Vacancy-ordered halide double perovskites Cs$_2BX_6$ have recently attracted significant attention due to their intrinsically ultralow lattice thermal conductivity ($κ_{\mathrm{L}}$), which is highly desirable for thermal insulation and thermoelectric applications. In this work, we systematically investigate the anharmonic lattice dynamics and thermal transport properties of Cs$_2BX_6$ ($B$ = Zr, Pd, Sn, Te, Hf, and Pt; $X$ = Cl, Br, and I) using state-of-the-art first-principles calculations, based on a unified theory of thermal transport for crystals and glasses. All studied compounds are found to exhibit ultralow $κ_{\mathrm{L}}$ below 1.0~W\,m$^{-1}$\,K$^{-1}$ at room temperature and large derivation from the conventional $T^{-1}$ temperature dependence. Our analysis combining with machine-learning approach show that low sound velocities (1100 -- 1600~m\,s$^{-1}$), which originates from the intrinsically weak chemical bonding, play a crucial role in suppressing heat transport of the most compounds, instead of the strong scattering of rattling phonon modes expected from the large void in the structure. Furthermore, the influence of $B$ and $X$-site elements on phonon dispersion, anharmonicity, and scattering phase space is clarified. Our results provide microscopic insights into the origin of ultralow $κ_{\mathrm{L}}$ in Cs$_2BX_6$ and offer guiding principles for the rational design of halide-based materials with tailored thermal transport properties.

Figures (10)

• Figure 1: Crystal structure of the vacancy-ordered perovskite Cs$_2BX_6$. The 12-fold coordinated Cs atoms and the octahedrally coordinated $B$ atoms are highlighted using polyhedra.
• Figure 2: (a) Calculated lattice thermal conductivity $\kappa_{\mathrm{L}}$ at 300 K, including three- and four-phonon scattering processes ($\kappa_{\mathrm{3,4ph}}^{\mathrm{SCPH}}$) and the coherent contribution ($\kappa_{\mathrm{3,4ph}}^{\mathrm{C}}$), obtained using renormalized second-order force constants within the SCPH framework. (b) Contribution of three-phonon scattering processes ($\kappa_{\mathrm{3ph}}^{\mathrm{SCPH}}$) to $\kappa_{\mathrm{L}}$. (c) Contribution of the coherent term ($\kappa_{\mathrm{3,4ph}}^{\mathrm{C}}$) to the total $\kappa_{\mathrm{L}}$.
• Figure 3: Phonon band structures and phonon density of states (PhDOS) of Cs$_2BX_6$ ($B$ = Zr, Pd, Sn, and Te; $X$ = Cl, Br, and I) calculated at 300 K. Panels (a)–(d) show the phonon band structures and PhDOS of Cs$_2B$Cl$_6$ with $B$ = Zr, Sn, Pd, and Te, respectively.
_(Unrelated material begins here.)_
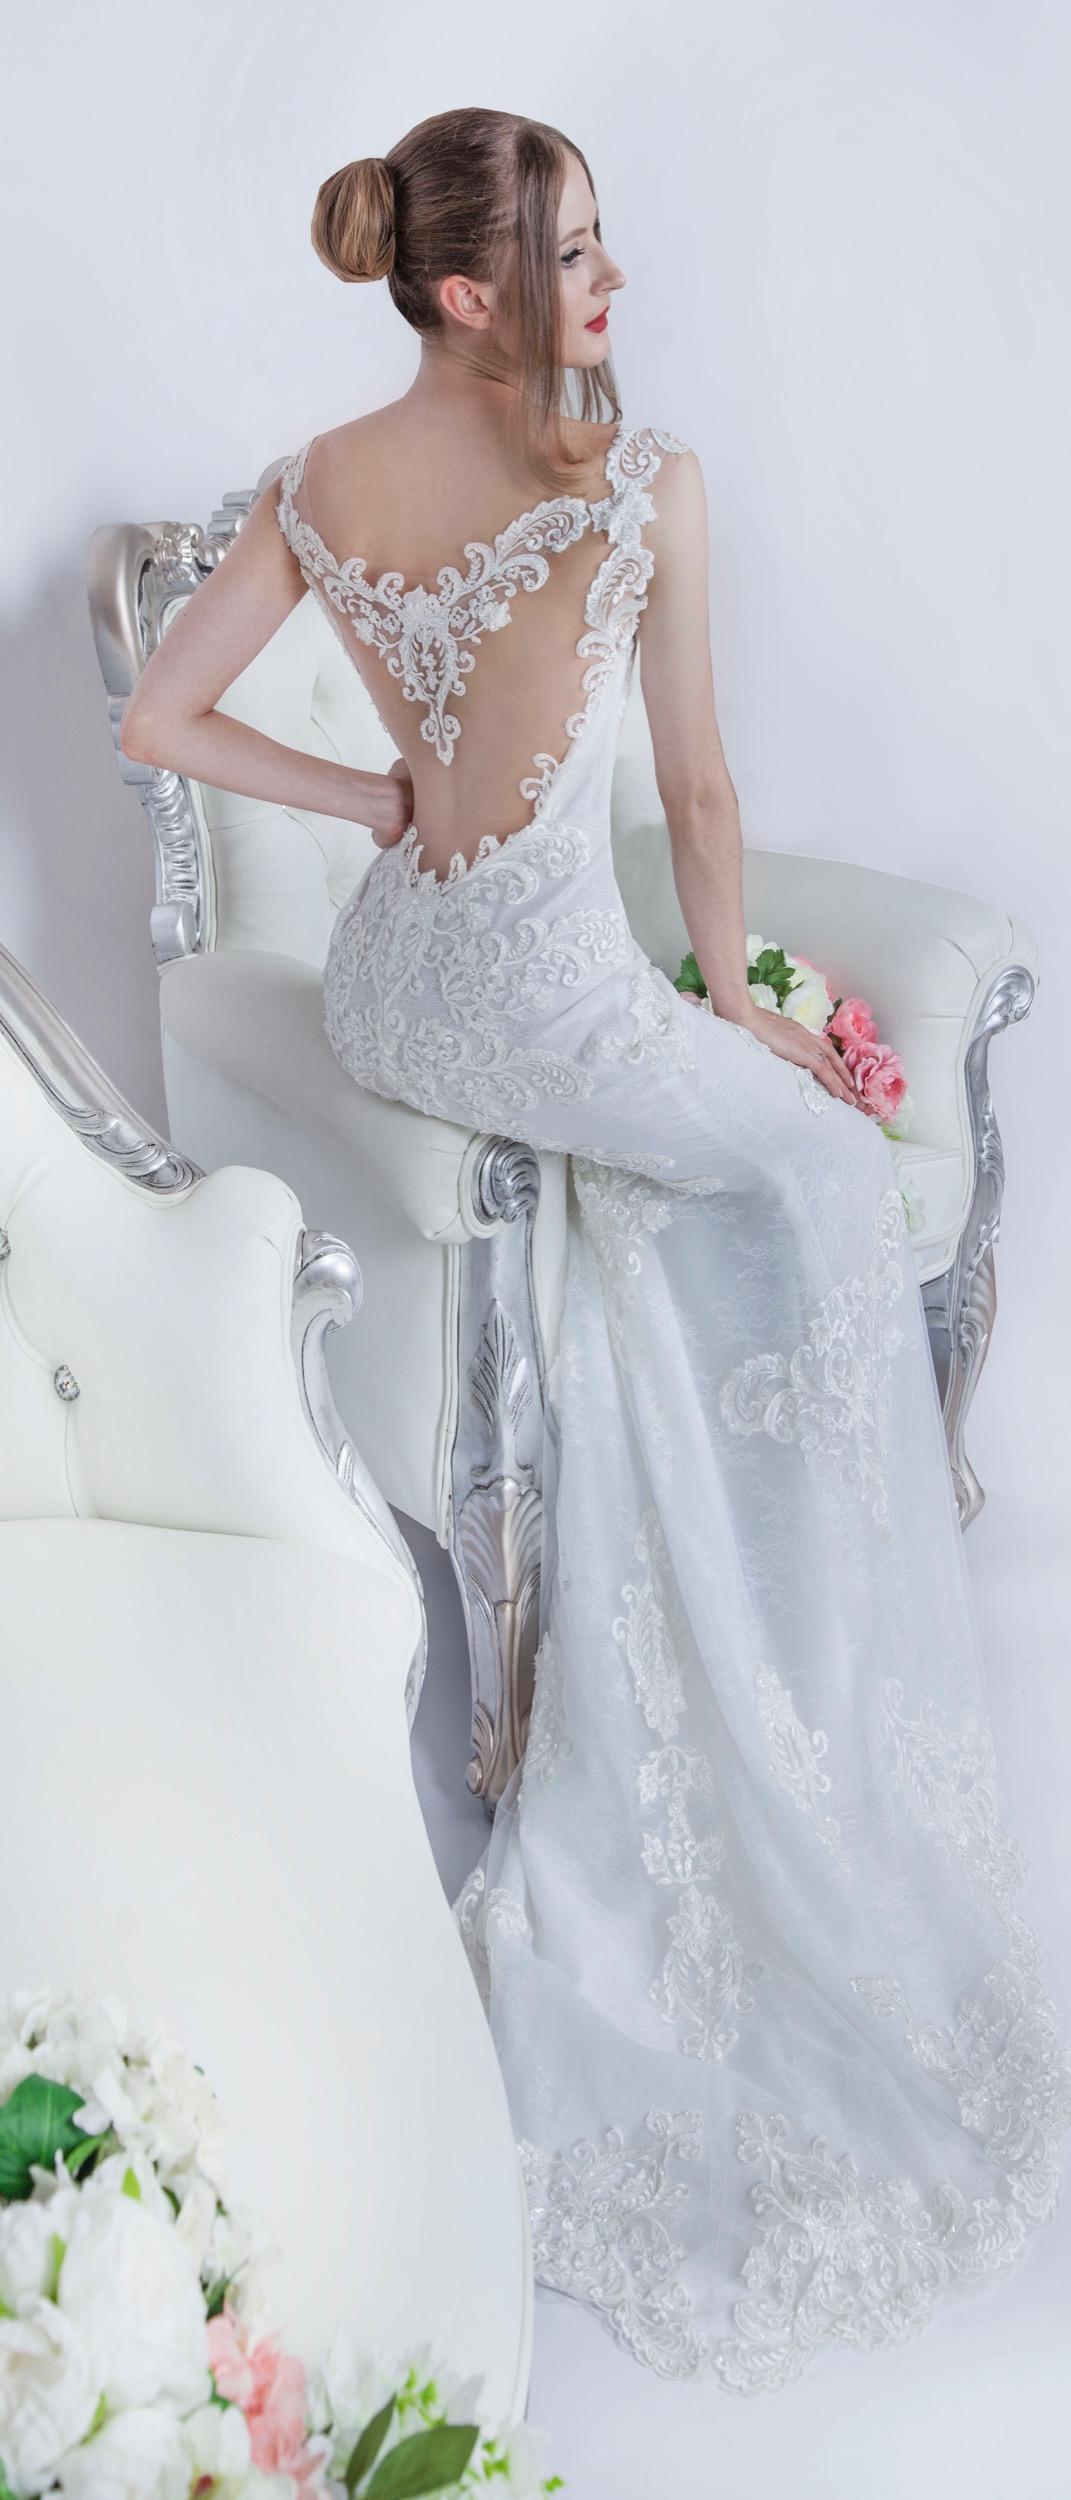 Achat robe de mariée sexy pour une mariée qui ose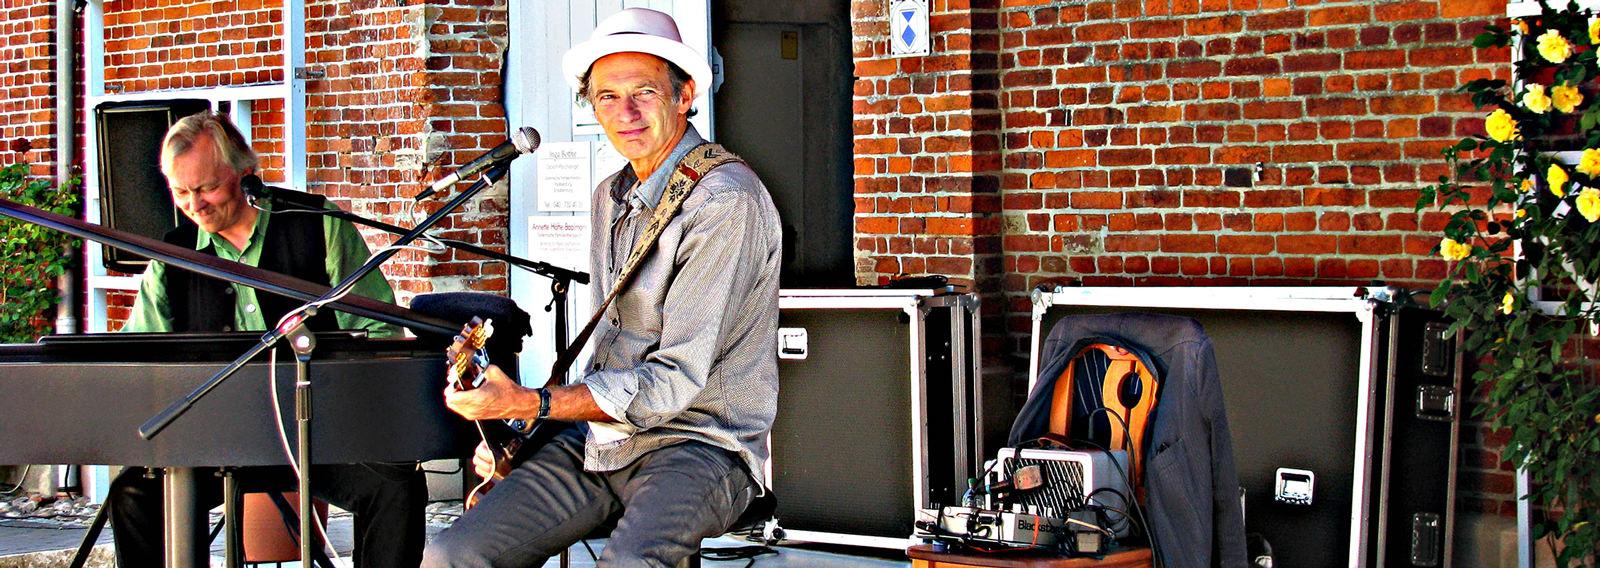 Anfertigung eines Hutes für den Musiker Abi Wallenstein der Hutmacherin Birke Breckwoldt

Panels (e)–(h) present the corresponding results for Cs$_2B$Br$_6$, and panels (i)–(l) for Cs$_2B$I$_6$, with the same ordering of $B$ cations.
• Figure 4: Three- and four-phonon scattering rates of Cs$_2BX_6$ ($B$ = Zr, Pd, Sn, and Te; $X$ = Cl, Br, and I) calculated at 300 K. Panels (a)–(d) show the phonon scattering rates of Cs$_2B$Cl$_6$ with $B$ = Zr, Sn, Pd, and Te, respectively. Panels (e)–(h) present the corresponding results for Cs$_2B$Br$_6$, and panels (i)–(l) for Cs$_2B$I$_6$, with the same ordering of $B$ cations.
• Figure 5: Comparison between the DFT-calculated $\kappa_{\mathrm{L}}$ and the predicted $\kappa_{\mathrm{L}}$ of Cs$_2BX_6$ ($B$ = Zr, Pd, Sn, Te, Hf, and Pt; $X$ = Cl, Br, and I) obtained using different models. Panels (a)–(c) correspond to the Slack, modified Slack, and SISSO-constructed models, respectively.